On Dec 14, 2007 11:58 AM, John C Klensin <klensin at jck.com> wrote:
>
>
> --On Thursday, 13 December, 2007 19:50 -0800 Erik van der Poel
> <erikv at google.com> wrote:
>
> >...
> > So, 15% is an upper bound for that number in Nov 2006 and 4%
> > is an upper bound for that number in Nov 2007. Either way, 8%
> > could still fall between these numbers, so I'm satisfied with
> > the results.
> >
> > Just because this number is falling does not mean that it will
> > ever reach zero, nor can I predict what the browser developers
> > will do. They may try to force things, by removing the
> > nfkc/case/dot mapping. Or they may not.
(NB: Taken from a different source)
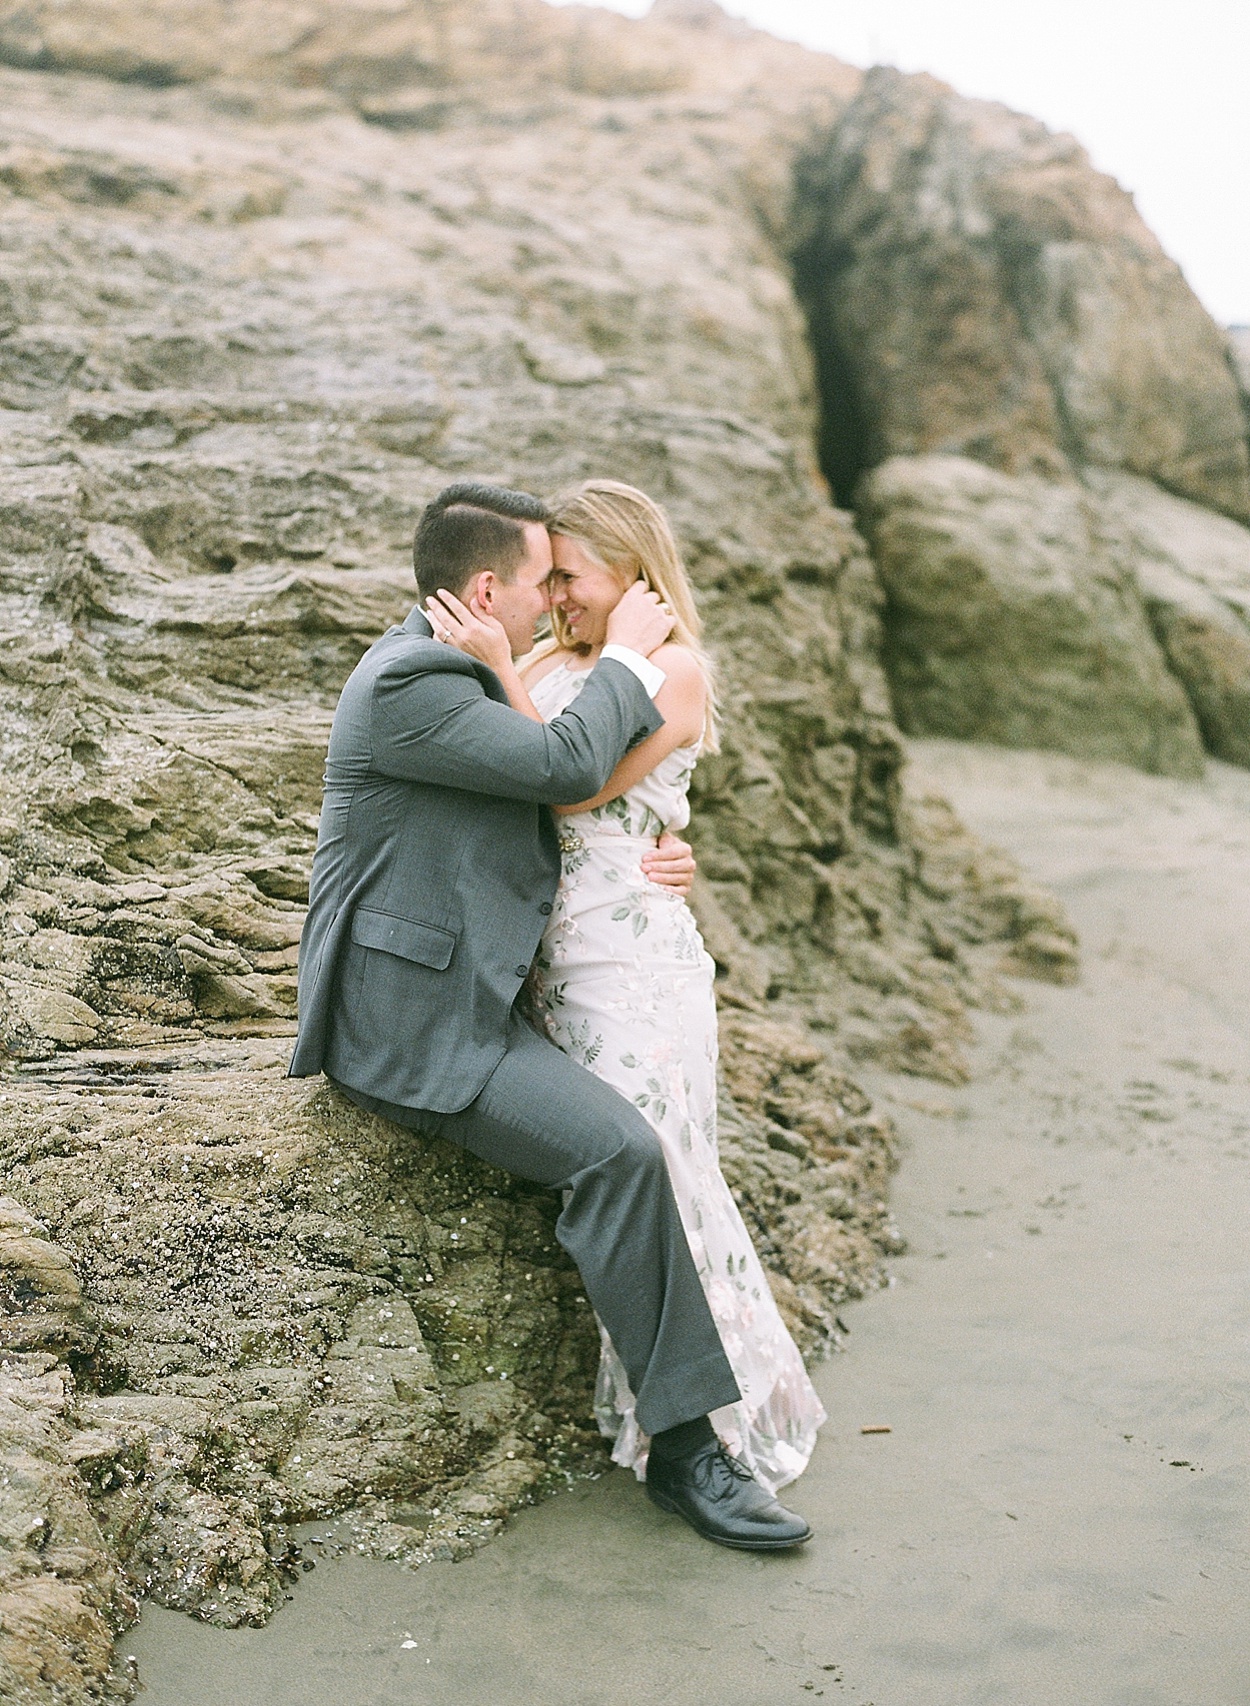 San Francisco engagement portraits at the Sutro Baths by Abby Grace

I don't know.
>
> Erik,
>
> For whatever it is worth, the browser developers have already
> shown a willingness to interpret (or, if necessary, ignore) the
> standard in order to meet their criteria for protecting their
> customers.  The most obvious example is the provision of RFC
> 3490 that _requires_ that punycode-style labels be displayed
> only under exceptional circumstances.  The common practice today
> is to display those native-form strings only when some trigger
> criterion is met (choice of TLD for some browsers, availability
> of the relevant characters as part of an installed language for
> at least one, possibly other criteria for still others).
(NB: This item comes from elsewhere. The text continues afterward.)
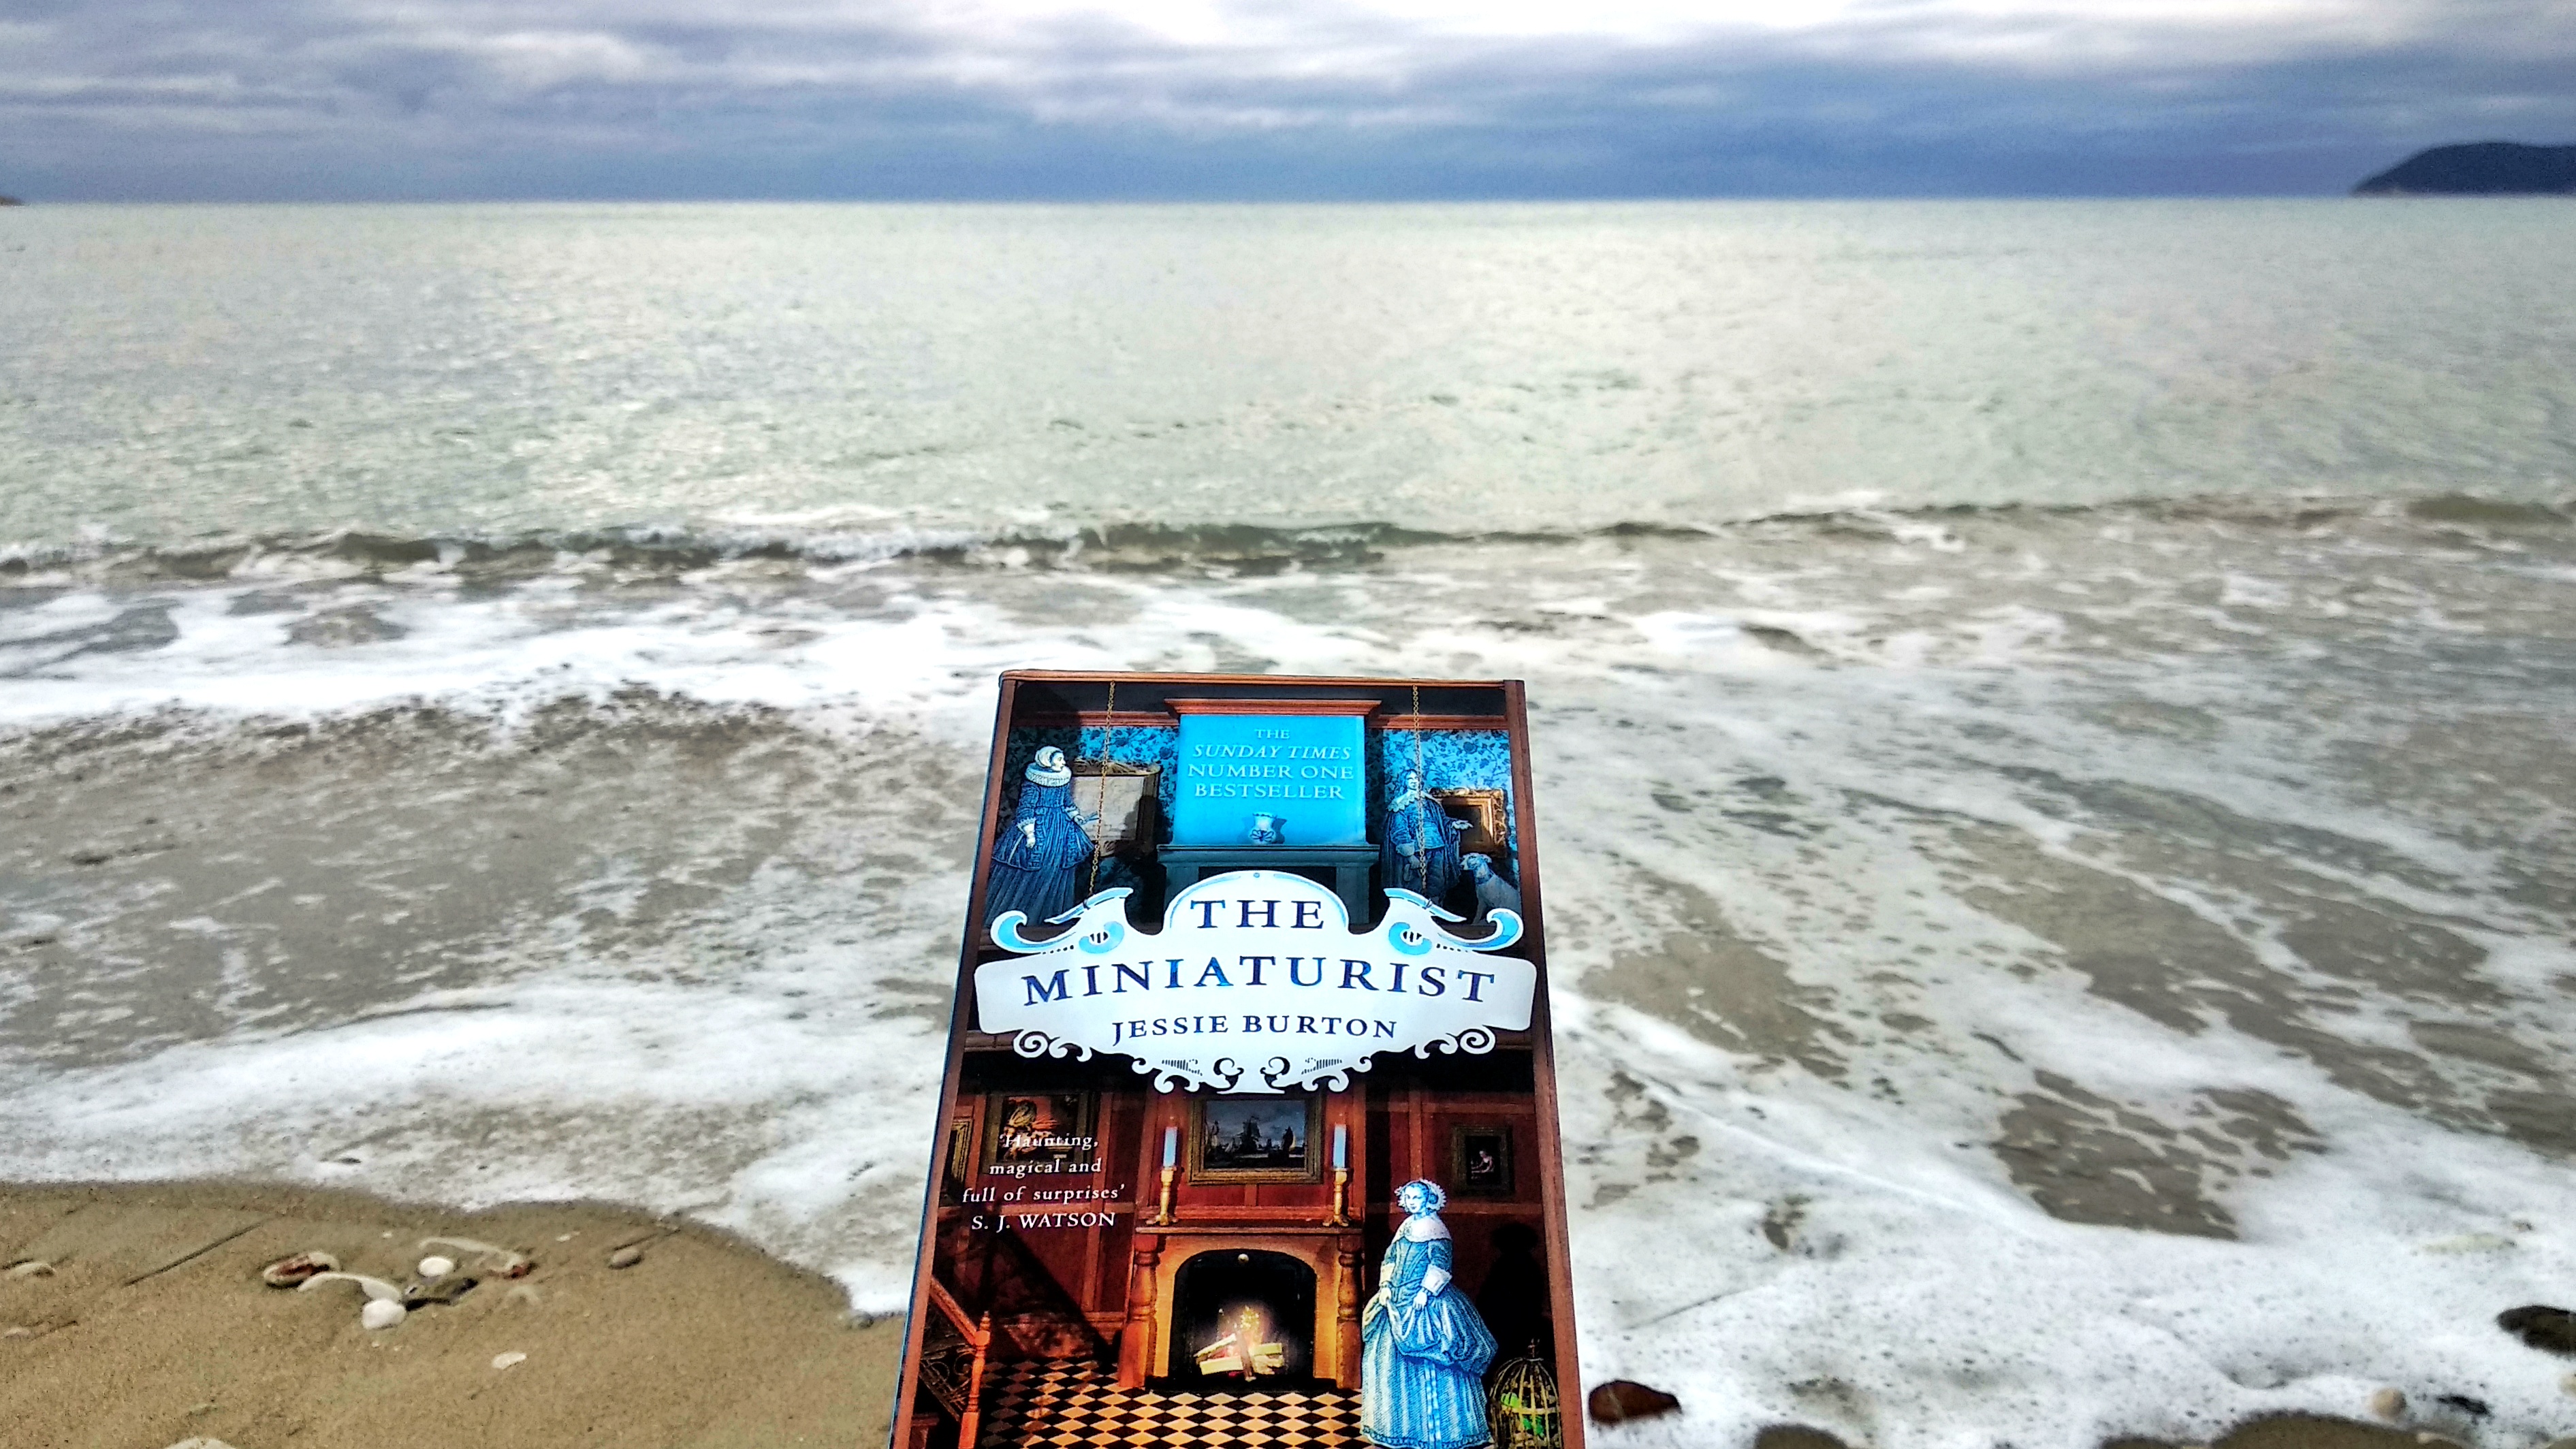 The book in front of the sea

I wasn't referring to how labels would be displayed. (See below.)

> The discussions with them in early stages after the "paypal"
> incident led to recommendations (some of them, if I recall, from
> people who are now opposing removal of mappings from the
> standard) to display only lower case for IDNs, or more
> generally, only the result of reverse-mapping through ToASCII
> and back, regardless of what was in the reference on the grounds
> that the target strings were less easily confusable than the
> range of possible sources.  So, for browsers that followed those
> recommendations, users are not seeing the un-mapped strings even
> if they appear in URLs.

Again, I wasn't referring to how the labels are displayed.
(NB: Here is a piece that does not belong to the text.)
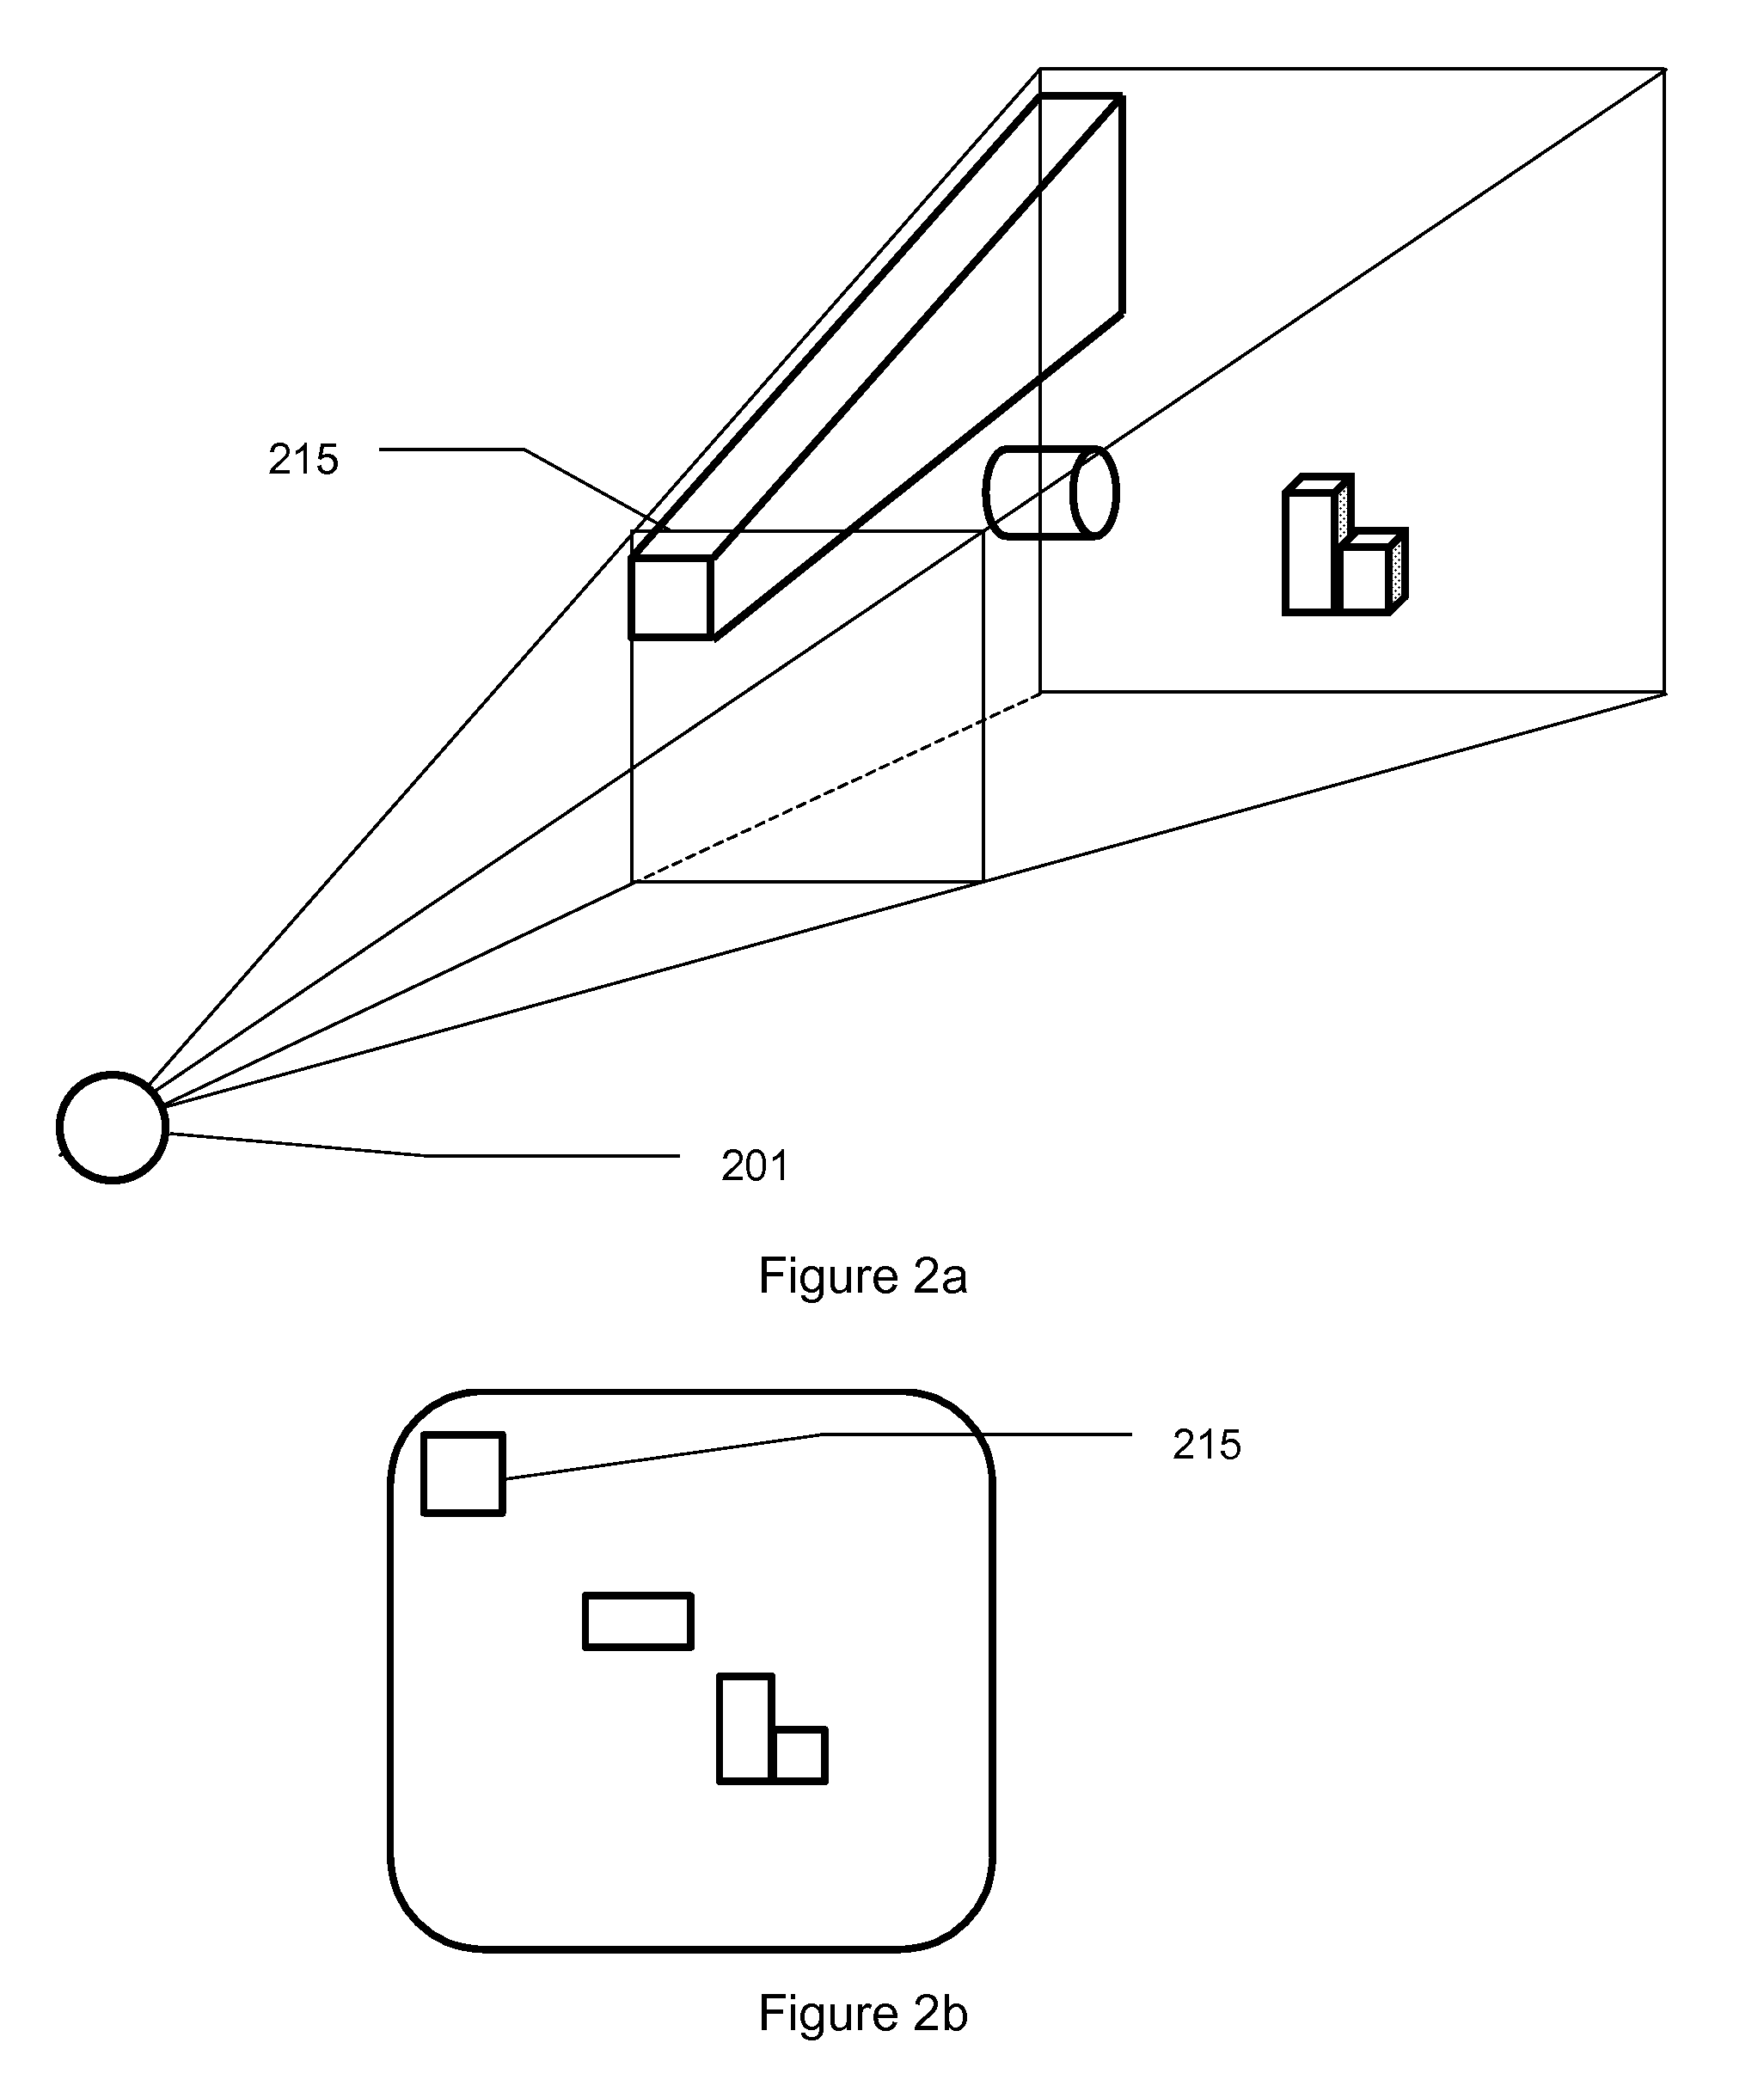 Human-Computer Interface Including Efficient Three-Dimensional Controls

> I don't know where this leaves us.  If our primary criterion is
> to avoid disturbing any current use or representation of IDNs
> (in or out of guidelines), then I think we will end up with
> either a "no changes at all unless they are strictly expansions
> of the set of valid strings" model or some approximation of the
> "one set of rules for strings that use nothing but Unicode 3.2
> characters and another set for strings that use anything more
> recent" model that I outlined in an earlier note.  As Patrik
> indirectly pointed out, the first model essentially requires
> that, once the Unicode Consortium assigns a property value, that
> property value must be fixed forever, with no possibility of
> revision, to be stable enough (a look-aside list for previous
> values doesn't work unless it becomes just a way to create that
> immutable list).   And the second probably gets us into silly
> states if we preserve the dot-mappings and hence require that
> any processing that is conditioned on whether or not characters
> appear in Unicode 3.2 be based on an entire FQDN, not individual
> labels (e.g., the same label-string could be interpreted
> differently depending on the FQDN in which it occurred).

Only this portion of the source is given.